Harry Goodman
Introduction
Harry Goodman (June 21, 1906—October 22, 1997) was an American jazz double bassist and tuba player. He was the older brother of clarinetist/bandleader Benny Goodman and trumpet player Irving Goodman.
Active between 1926 and 1939, he was involved in 208 jazz recording sessions. After retiring from playing music in 1939, he turned to business.
Early life
Harry Goodman was born in Chicago, Illinois, on June 21, 1906, to David Goodman (1873–1926) and Dora Grisinsky (1873–1964).
Harry had three brothers —Benny Goodman (May 30, 1909—June 13, 1986), Irving Goodman (February 06, 1914—July 07, 1990), and Jerome David Goodman (1923—1944); and two sisters—Ida Goodman Winsberg (1902–1995) and Ethel Goodman (1904–1989).

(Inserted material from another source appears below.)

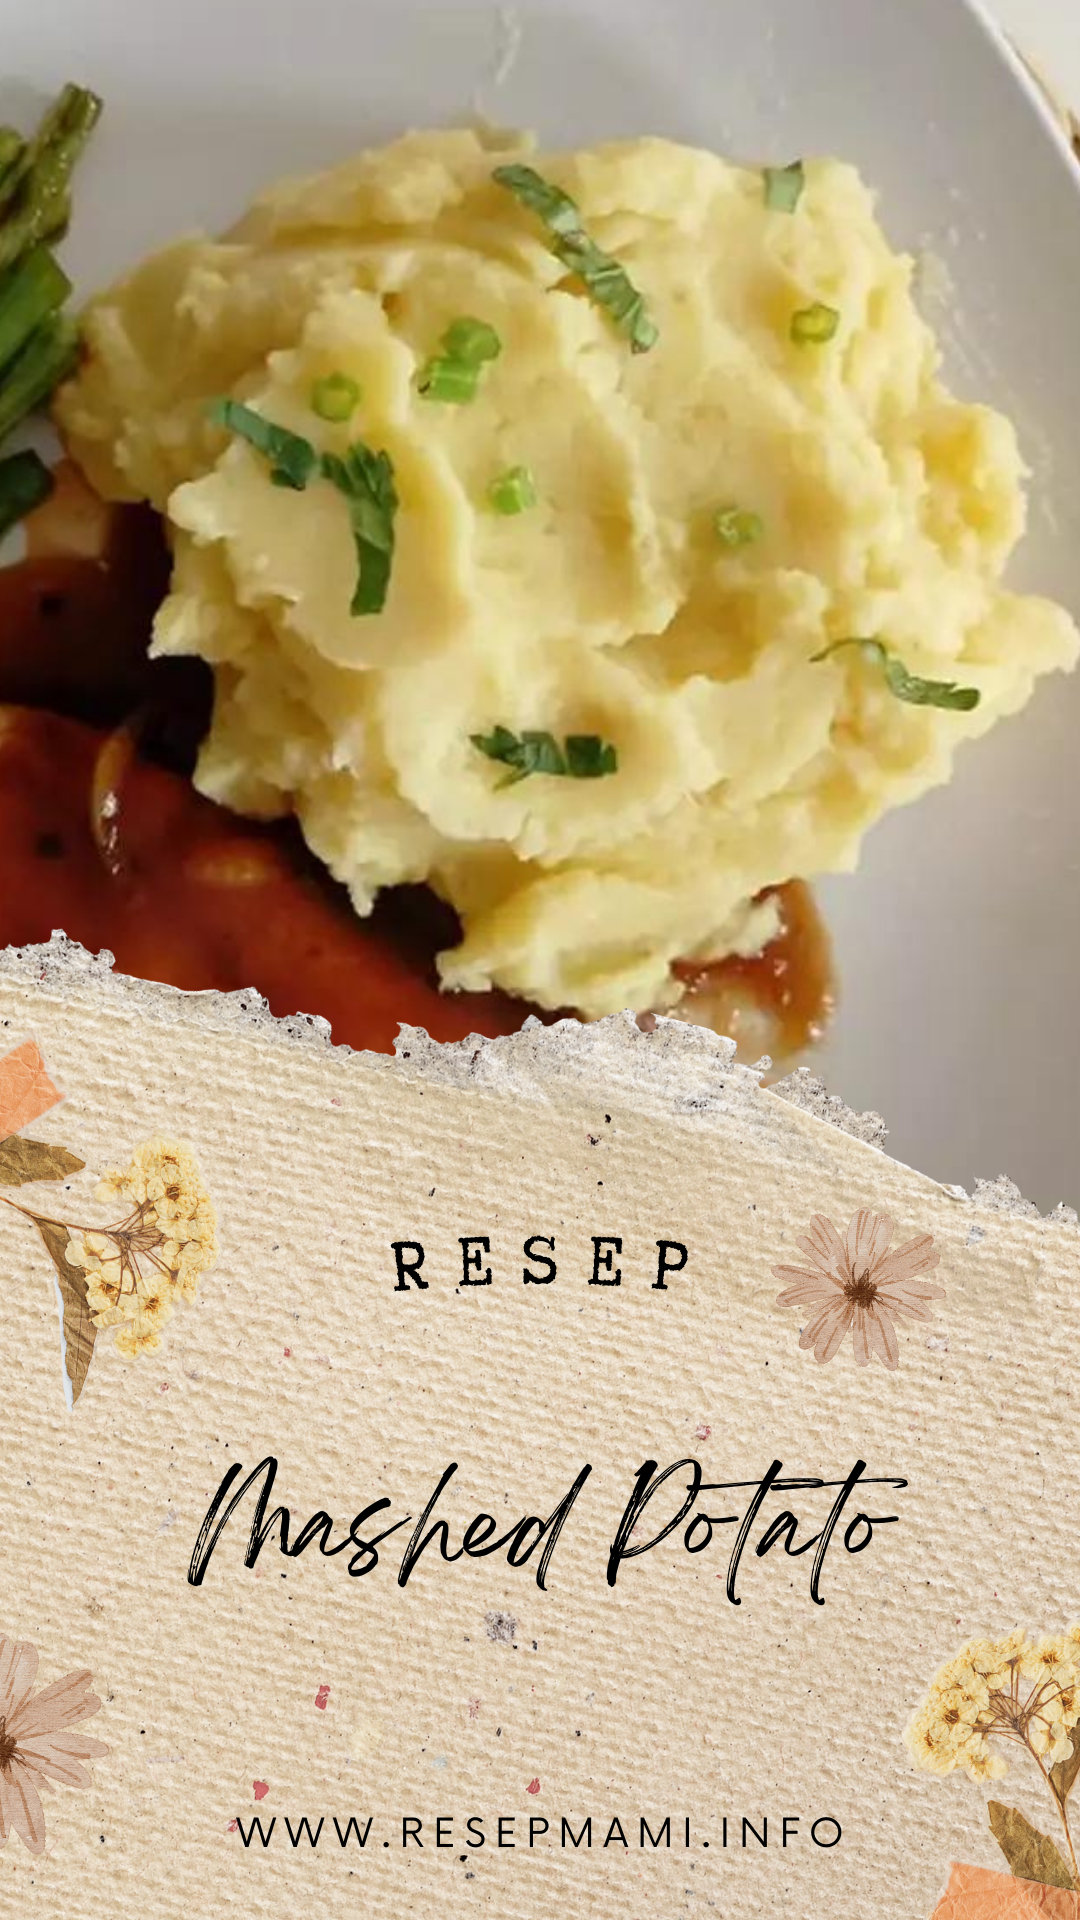 Resep mashed potato

Benny was a clarinetist/bandleader who led many jazz bands, including Benny Goodman & Friends, Benny Goodman And His All Stars, Benny Goodman And His Modernists, and Benny Goodman Octet. Irving was a trumpet player who played in Benny's bands and with Alvino Rey, Bunny Berigan, Charlie Barnet, Jimmy Dorsey, and Teddy Powell.
Goodman's father, David, came to the United States in 1892 from Warsaw in partitioned Poland and became a tailor. His mother, Dora, came from Kaunas, Lithuania. They met in Baltimore, Maryland, and moved to Chicago before their children's birth. With little income and a large family, they moved to the Maxwell Street neighborhood, an overcrowded slum near railroad yards and factories that was populated by German, Irish, Italian, Polish, Scandinavian, and Jewish immigrants.
Career
Harry Goodman began his professional music career in the mid-1920s with Ben Pollack and His Californians and made his first recordings, accompanied by Glenn Miller (trombone), Benny Goodman (clarinet), Gil Rodin (alto saxophone), Wayne Allen (piano), Frank Sylvano (vocals), and Fud Livingston (tenor saxophone).
In the following years, he worked with Benny Goodman's studio bands with Jimmy McHugh, Jack Pettis, and Irving Mills.
In the 1930s, Harry made recordings with several musicians, including Hoagy Carmichael ("Rockin' Chair"), Jack Teagarden, Red Nichols, Gil Rodin, The Charleston Chasers, Wingy Manone, Harry Rosenthal, Red McKenzie's Mound City Blue Blowers, Teddy Wilson and Lionel Hampton.
Harry retired from playing music in 1939, at age 33, and entered the restaurant business in New York City. Later, he became a music publisher.
In 1993, Harry and Benny were profiled in the episode "Benny Goodman: Adventures in the Kingdom of Swing" of Oren Jacoby's TV documentary series American Masters (aired on December 8, 1993, on PBS).
Death
Harry died in Gstaad, Switzerland, on October 22, 1997, at age 91.